Farruggia Piero, Giugliano Emilia, Russo Delia, Trizzino Angela, Lorenzatti Roberta, Santoro Alessandra, D'Angelo Paolo
*Pediatric Hematology and Oncology Unit, Oncology Department, A.R.N.A.S. Civico, Di Cristina and Benfratelli Hospitals ‡Hematology I, A.O. Villa Sofia-Cervello, Palermo †Molecular Biology Laboratory, Department of Clinical and Biologic Sciences, University of Turin, San Luigi Gonzaga Hospital, Orbassano, Turin, Italy.
J Pediatr Hematol Oncol. 2014 Jan;36(1):e28-30. doi: 10.1097/MPH.0b013e31827e6386.

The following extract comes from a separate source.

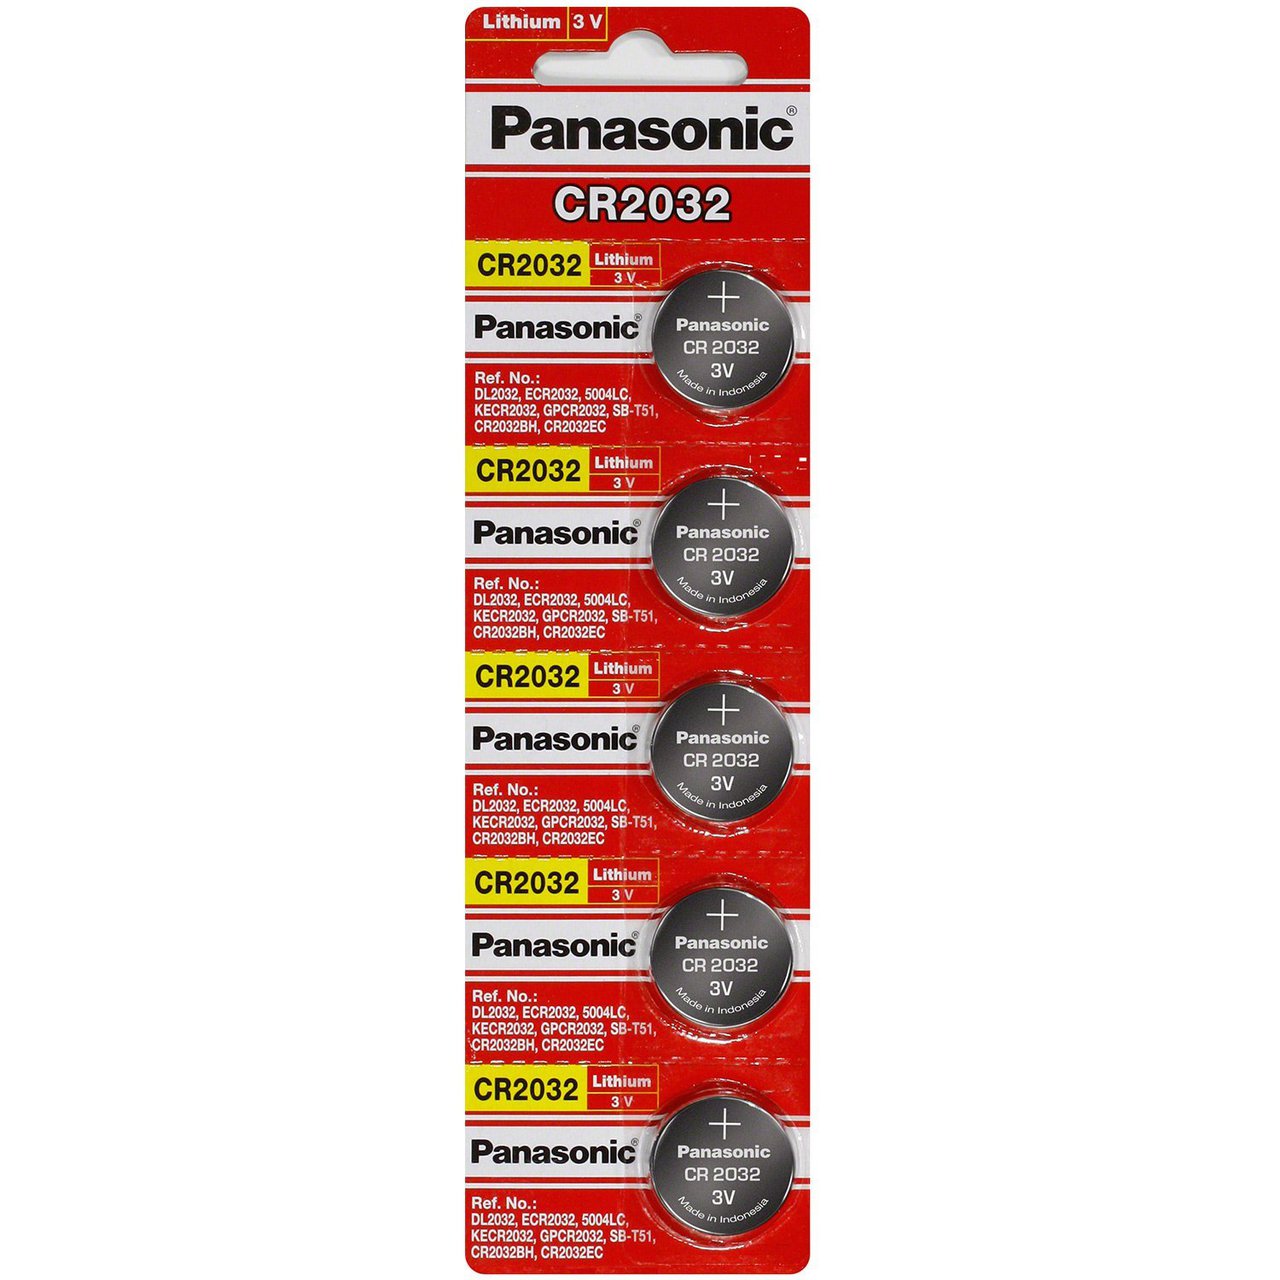 Panasonic CR2032 3V Lithium Coin Battery - 5 Pack + FREE SHIPPING!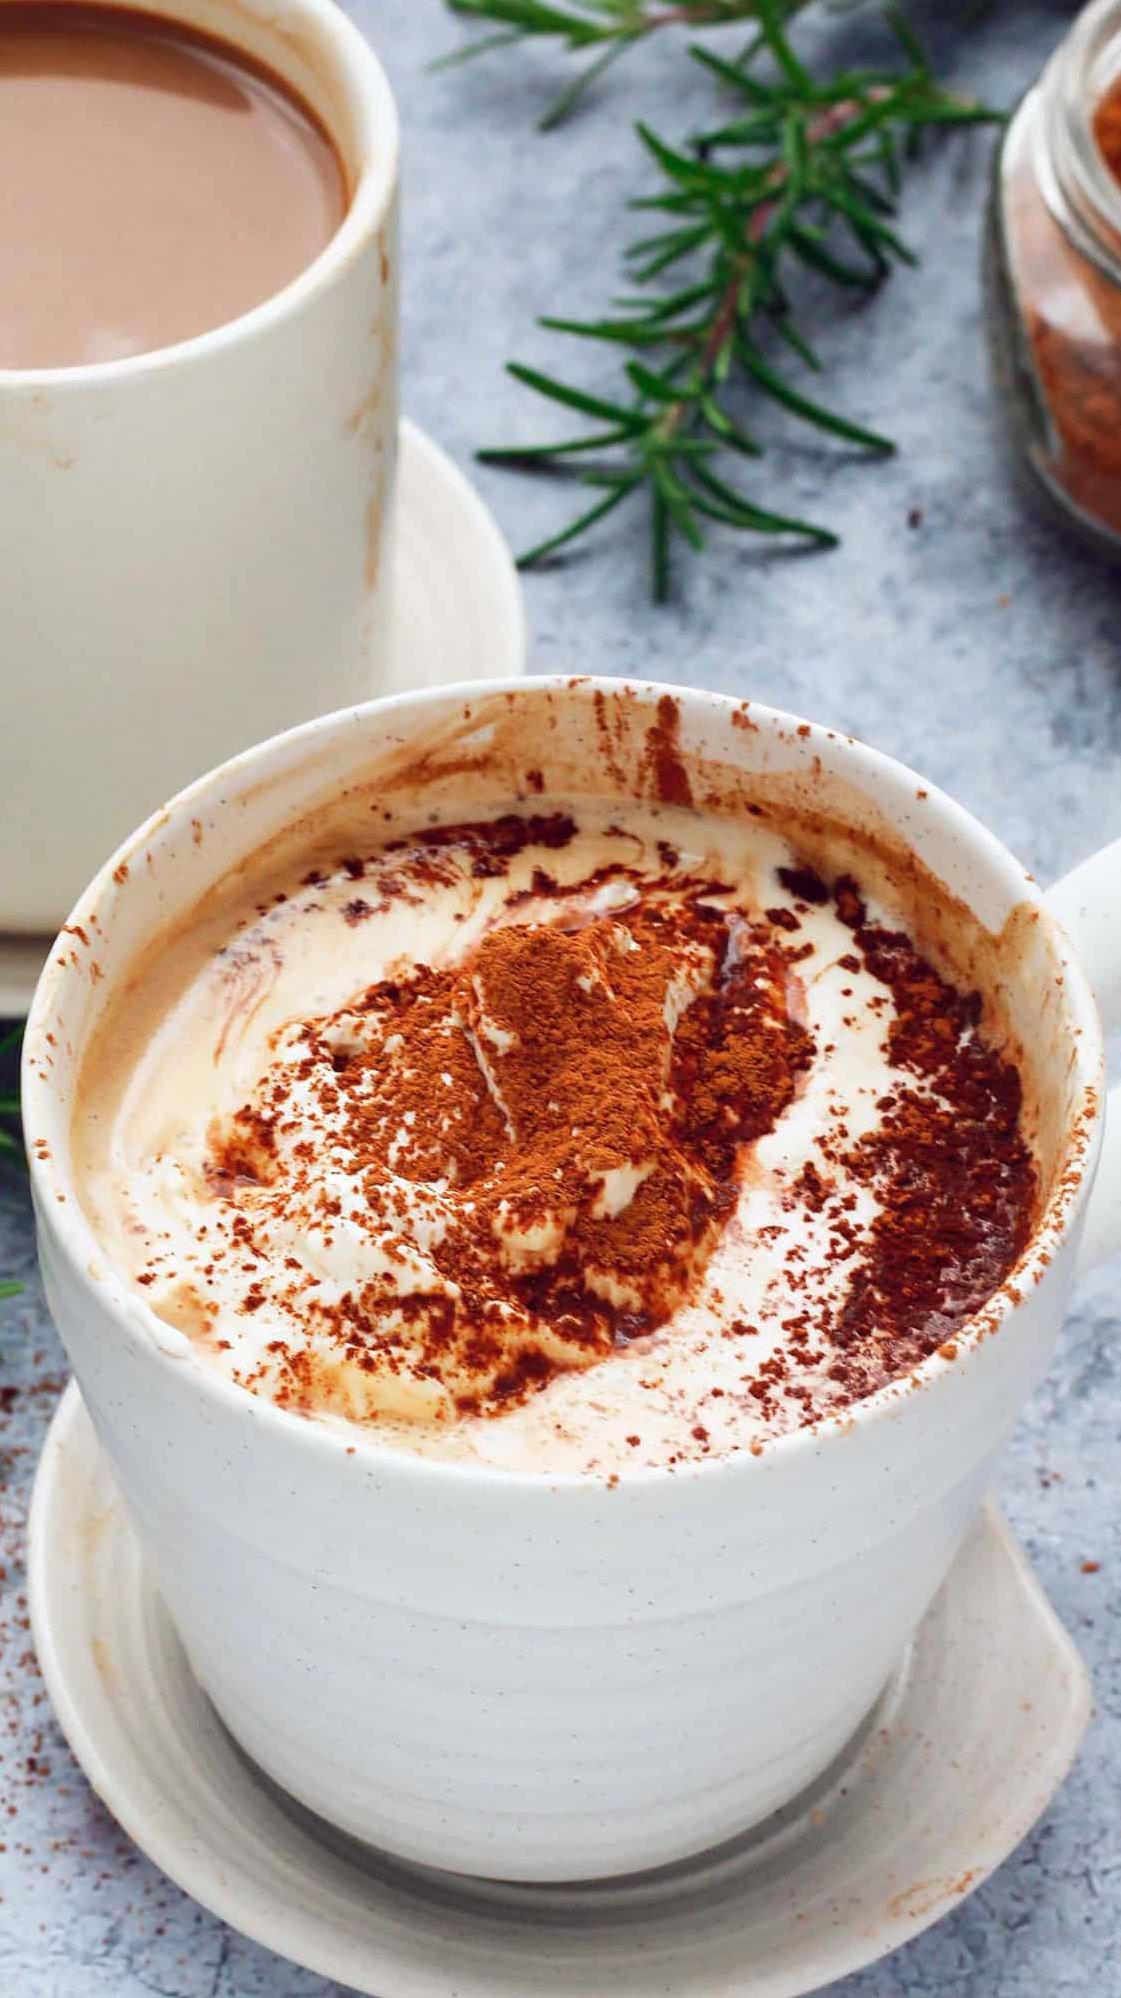  Skip the long lines at the coffee shop and make your own mocha at home

Hypereosinophilic syndromes in children are rare disorders traditionally characterized by an eosinophil count exceeding 1,500/mm³ on at least 2 occasions or evidence of tissue eosinophilia associated with symptoms and marked blood eosinophilia, lacking any secondary cause (such as infections, allergic disease, chemical-induced eosinophilia, hypoadrenalism, cancer). Until now there have only been 3 reported cases of pediatric FIP1L1-PDGFRα-positive hypereosinophilic syndromes. We describe a fourth patient, a white 14-year-old boy, the third treated with imatinib.
儿童嗜酸性粒细胞增多综合征是罕见疾病,传统上其特征为至少两次嗜酸性粒细胞计数超过1500/mm³,或有组织嗜酸性粒细胞增多的证据,伴有症状和明显的血液嗜酸性粒细胞增多,且无任何继发原因(如感染、过敏性疾病、化学物质诱导的嗜酸性粒细胞增多、肾上腺功能减退、癌症)。到目前为止,仅报告了3例儿童FIP1L1-PDGFRα阳性嗜酸性粒细胞增多综合征病例。我们描述了第四例患者,一名14岁白人男孩,是接受伊马替尼治疗的第三例患者。